◆ PROBLEM TO SOLVE
The first line of the entries is where the copy starts and the line with "Siv komplet Zara, hlače" is where it ends; set down each line exactly, both ends included, and drop pictures.

◇ ◇ ◇

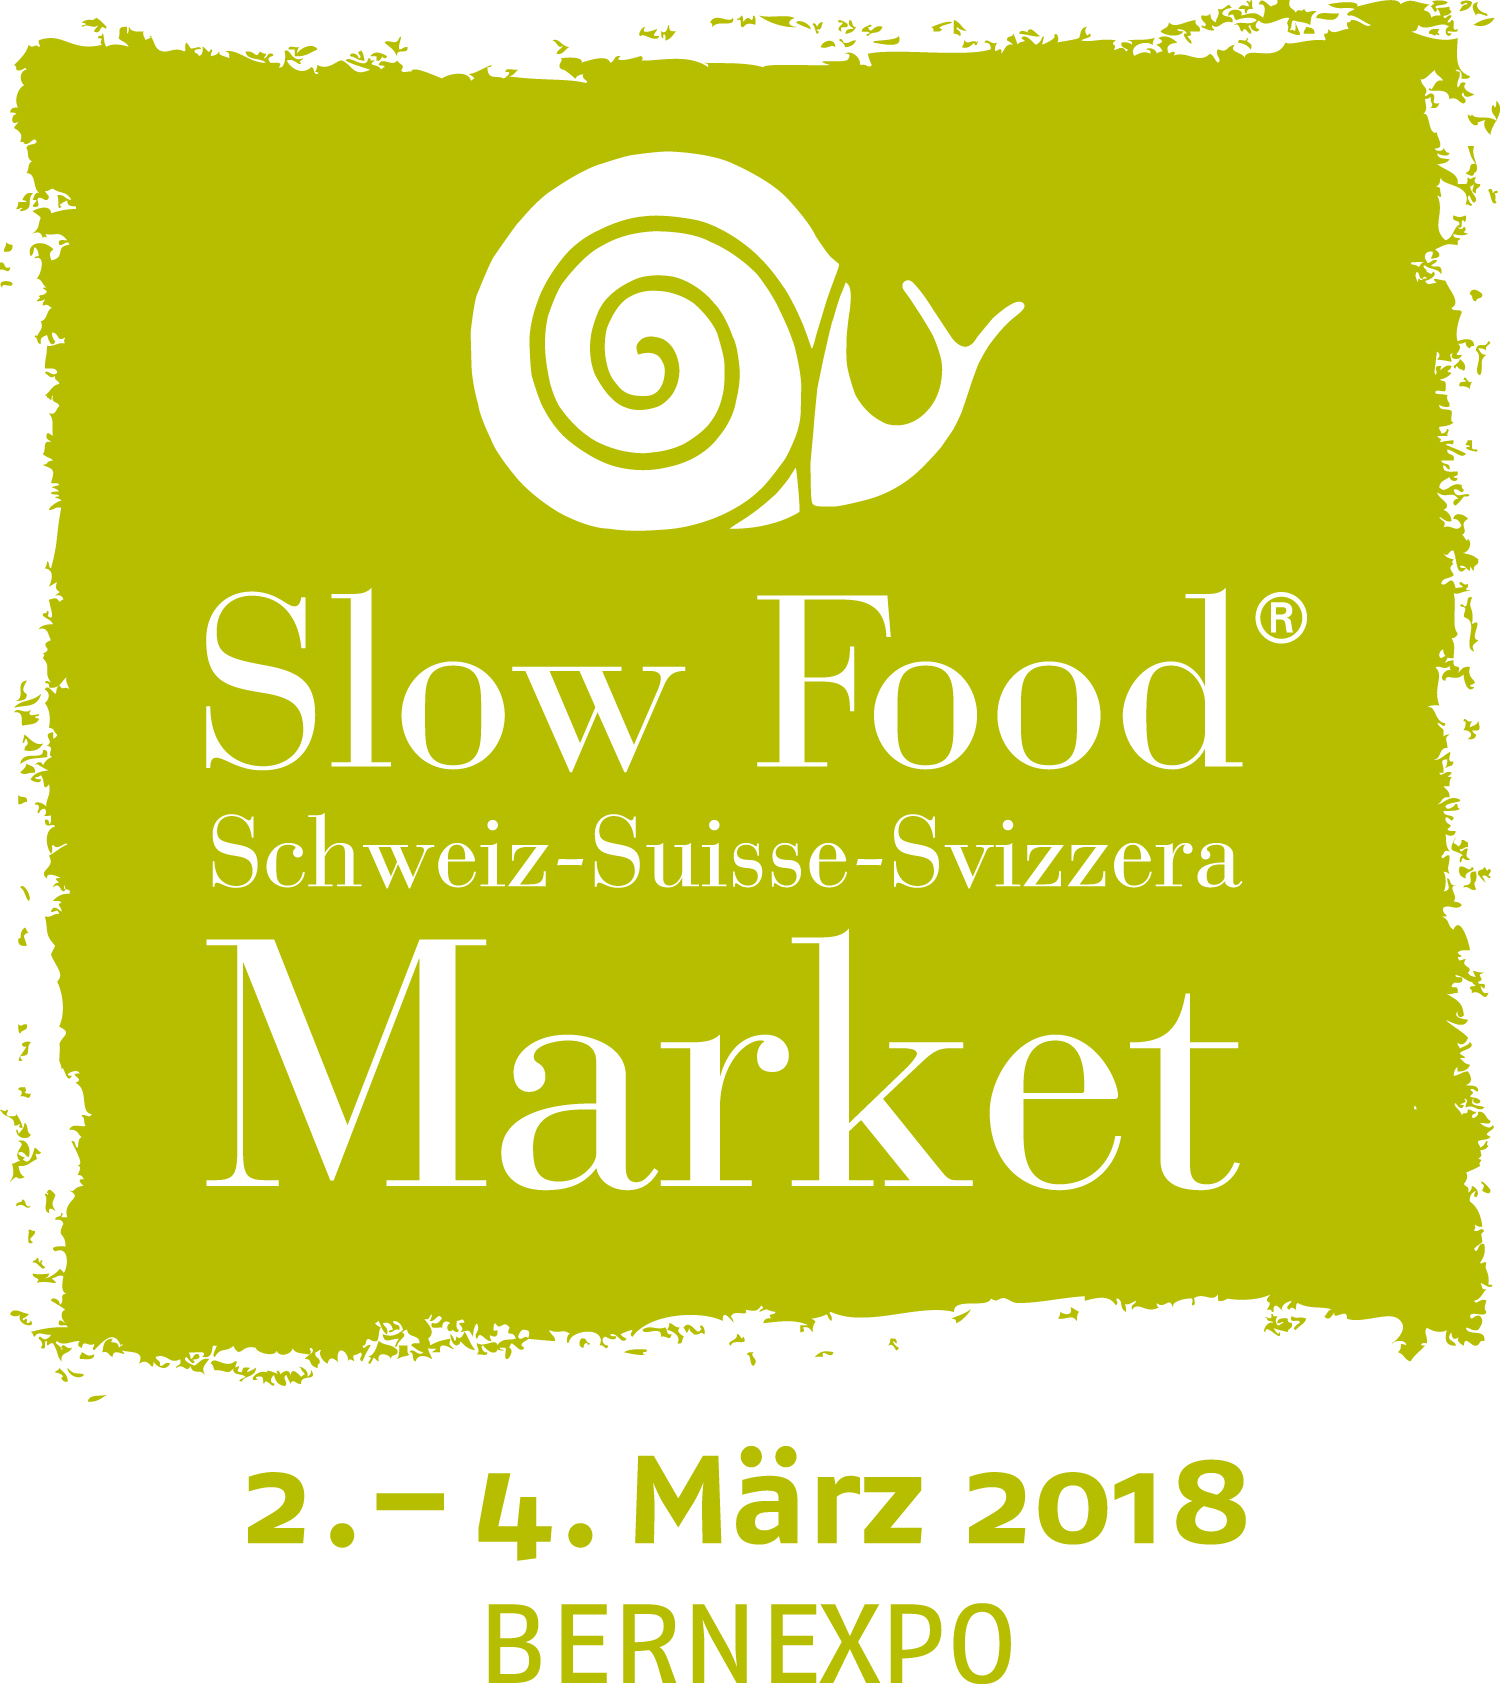 Slow Food Market Bern
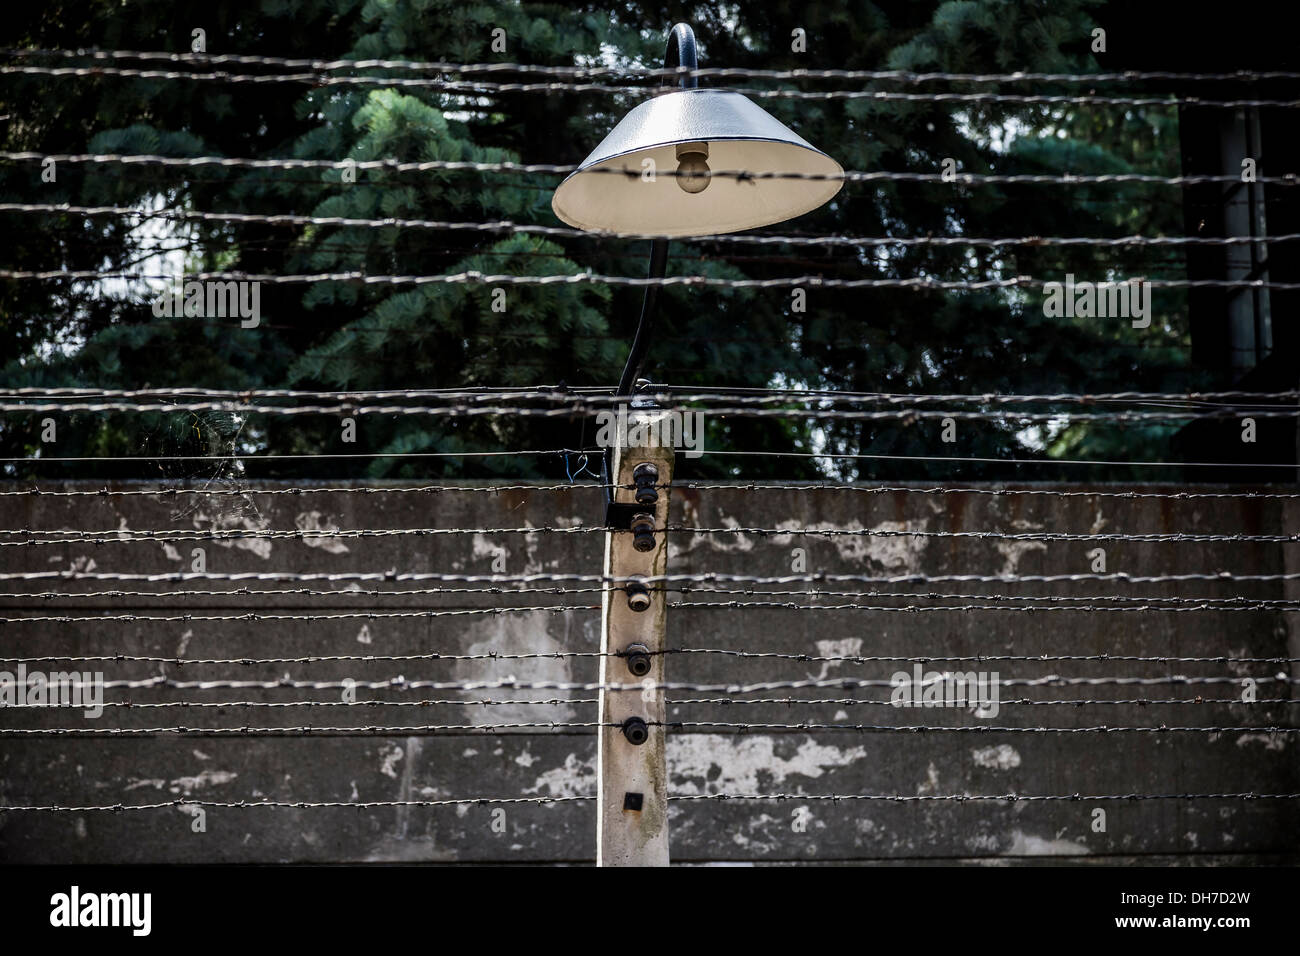 Konzentrationslager Auschwitz in Oswiecim, Polen. Stockfoto
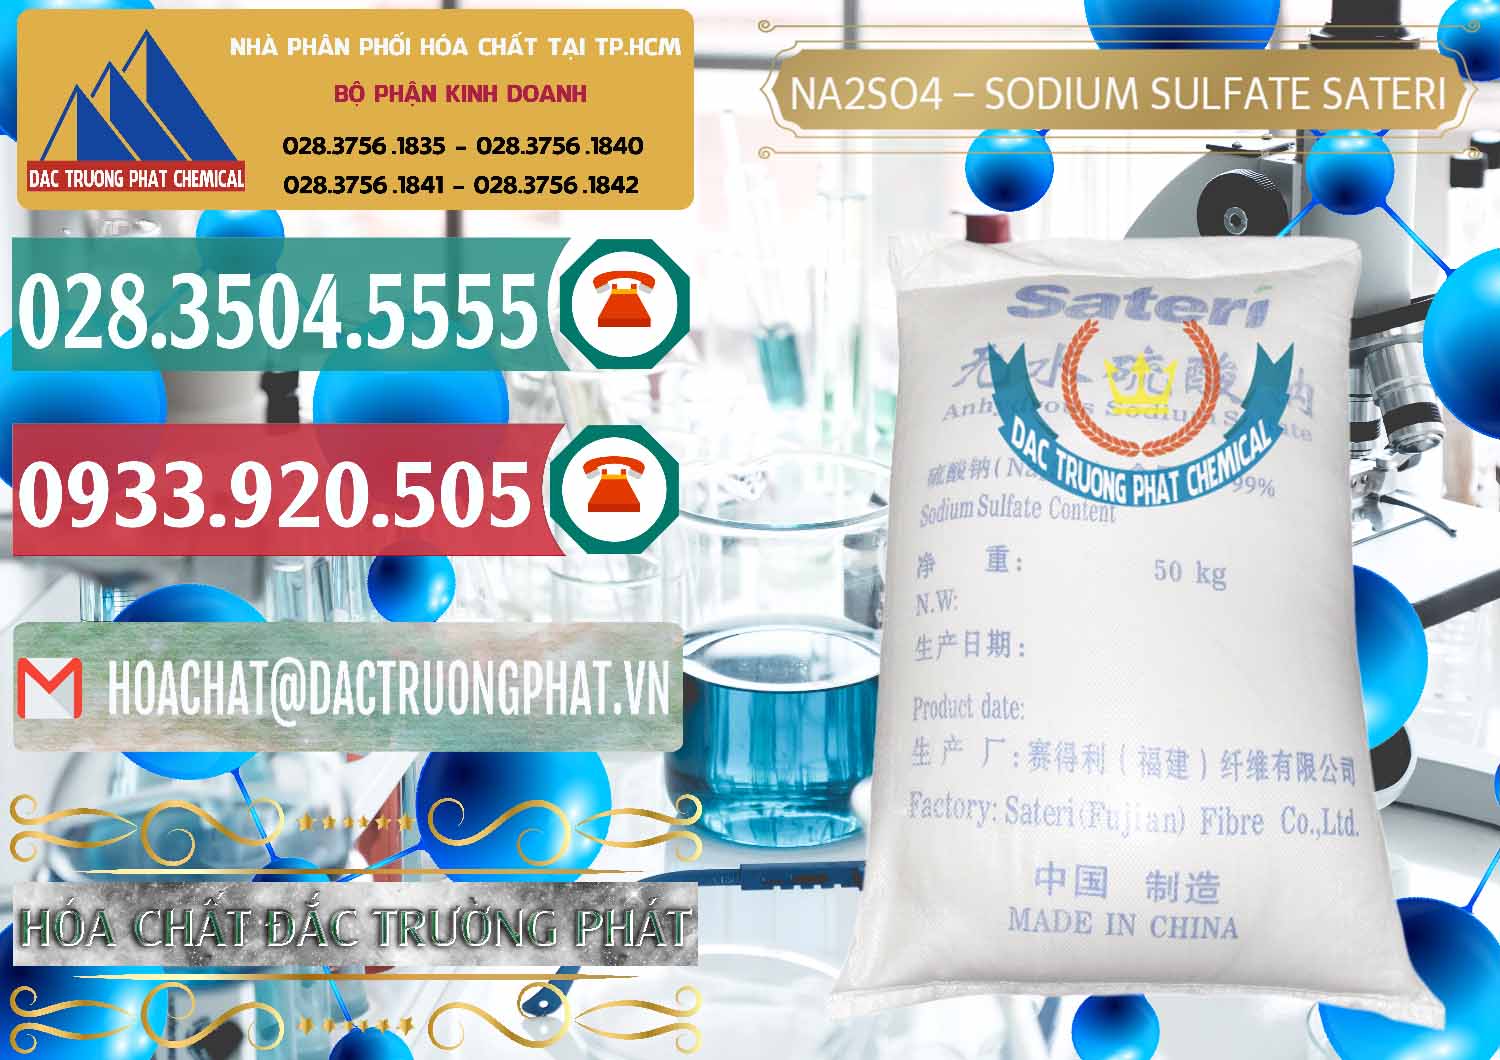 Công ty chuyên bán _ phân phối Sodium Sulphate - Muối Sunfat Na2SO4 Sateri Trung Quốc China - 0100 - Cty chuyên bán ( phân phối ) hóa chất tại TP.HCM - muabanhoachat.vn
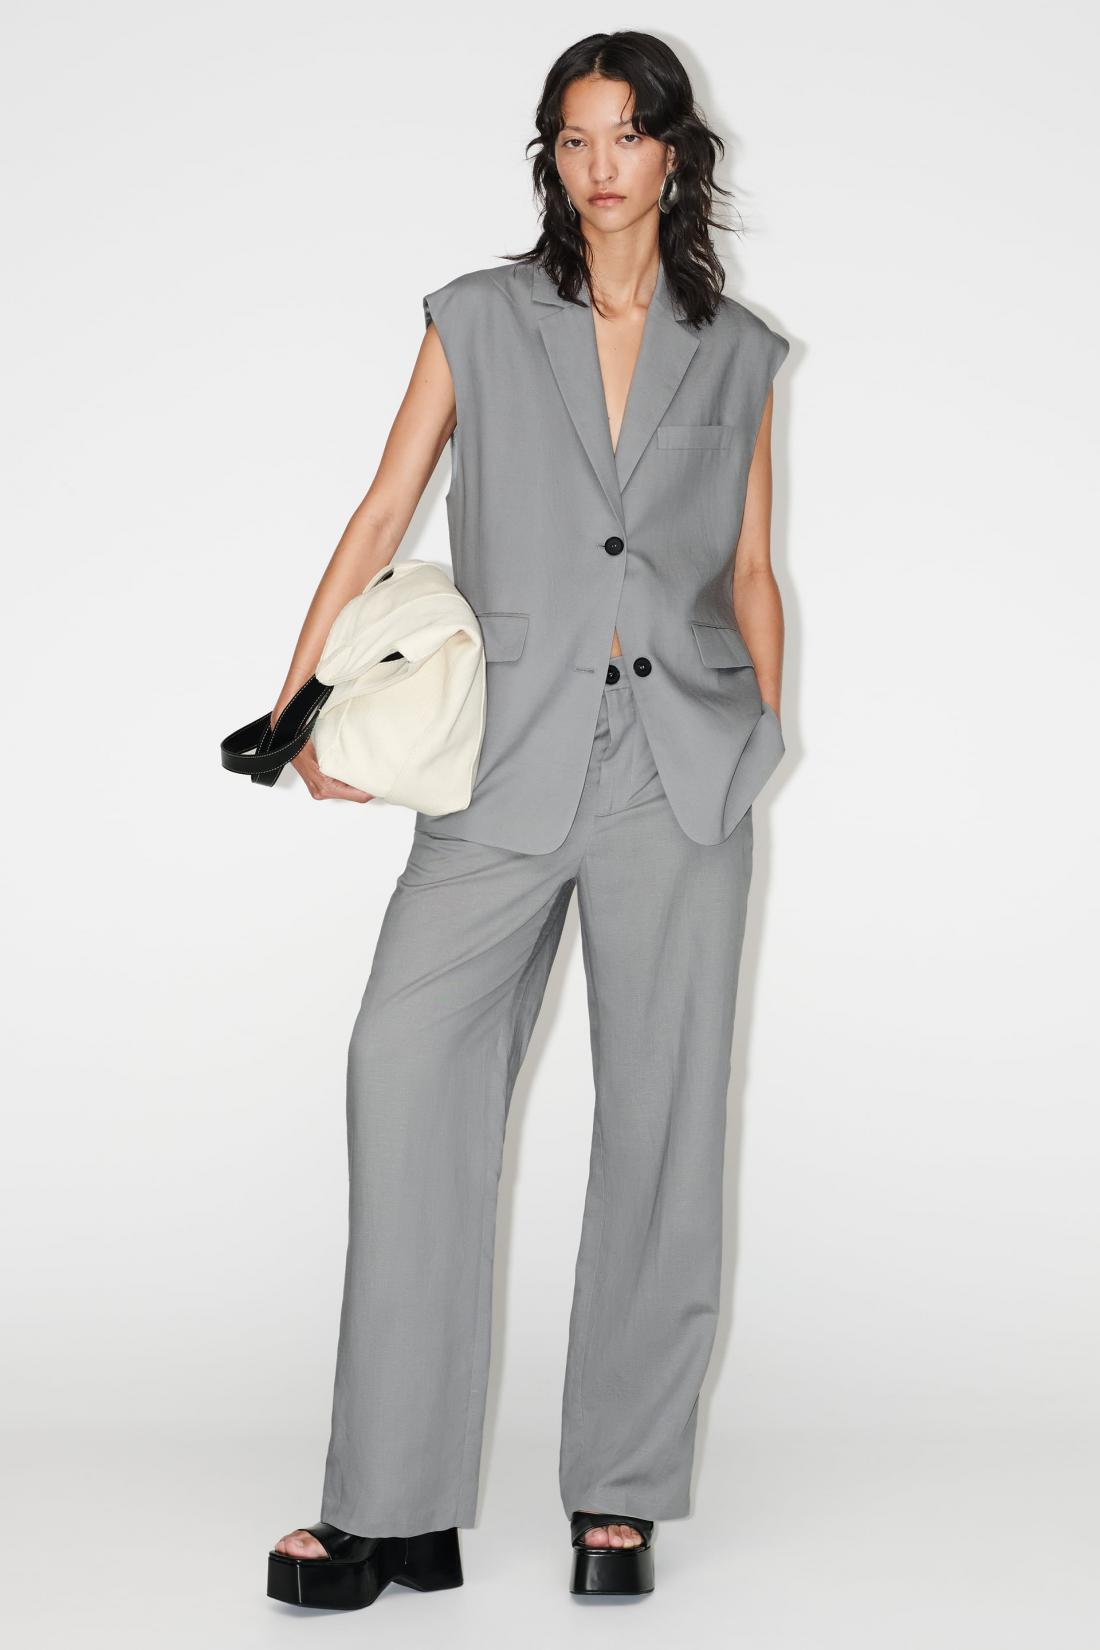 Siv komplet Zara, hlače 39,95€, brezrokavnik 49,95€
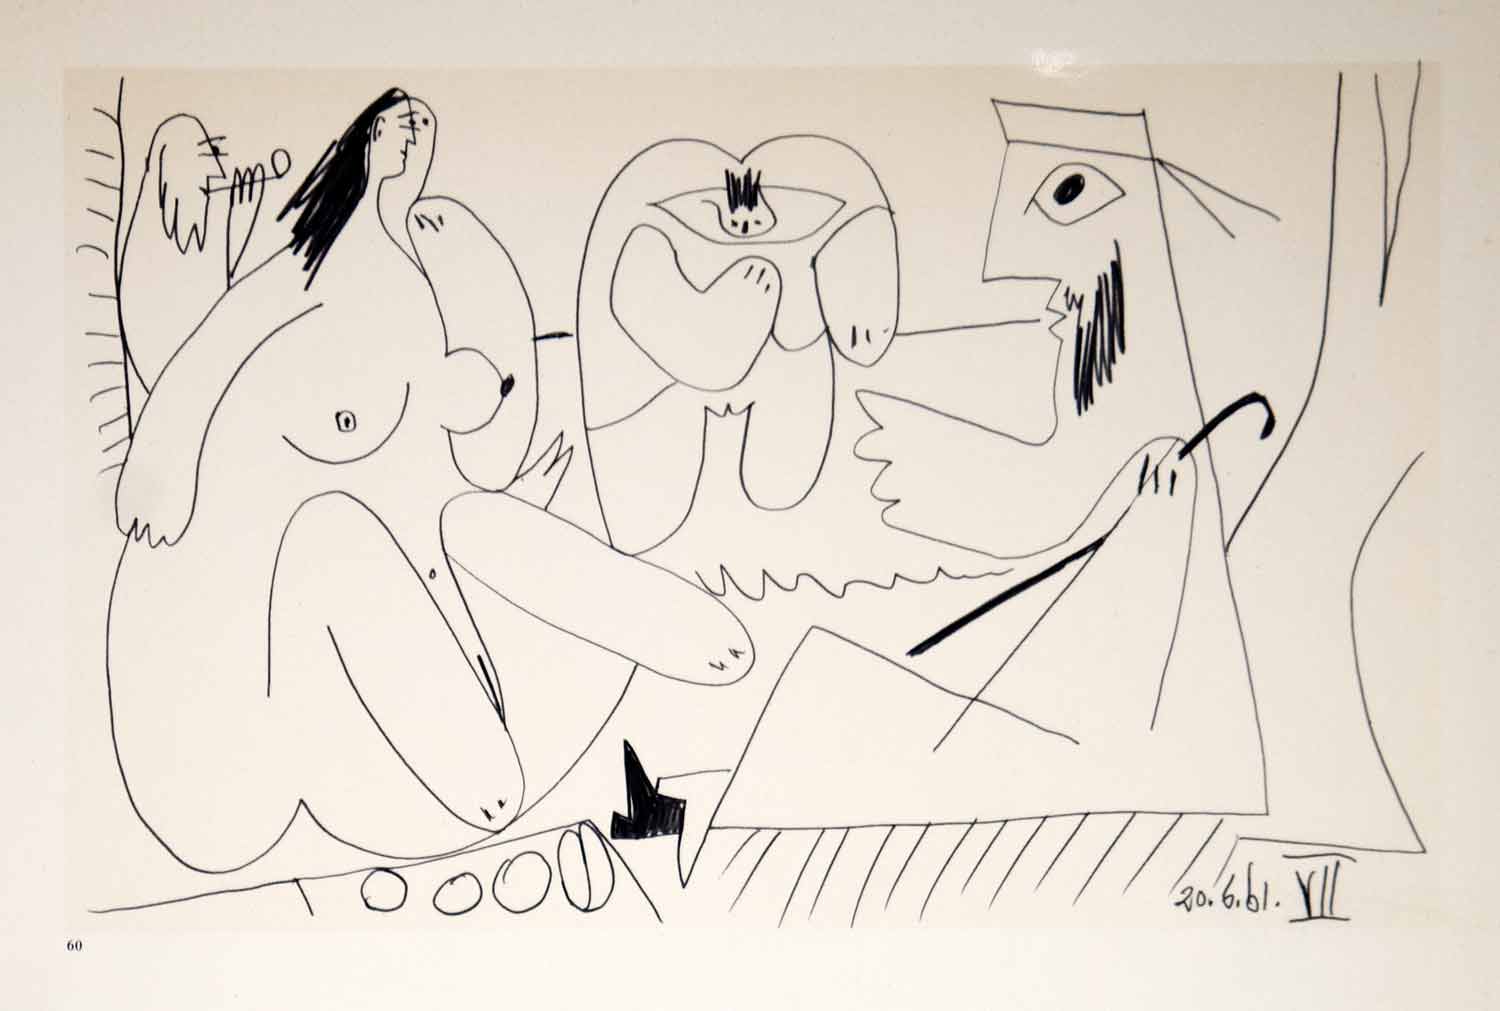 1962 Photolithograph Pablo Picasso Nude Art Le Dejeuner sur l'herbe 20.6.61 VII

◇ ◇ ◇

◆ EXERCISE OUTPUT
 Slow Food Market Bern
 Konzentrationslager Auschwitz in Oswiecim, Polen. Stockfoto
 Công ty chuyên bán _ phân phối Sodium Sulphate - Muối Sunfat Na2SO4 Sateri Trung Quốc China - 0100 - Cty chuyên bán ( phân phối ) hóa chất tại TP.HCM - muabanhoachat.vn
 Siv komplet Zara, hlače 39,95€, brezrokavnik 49,95€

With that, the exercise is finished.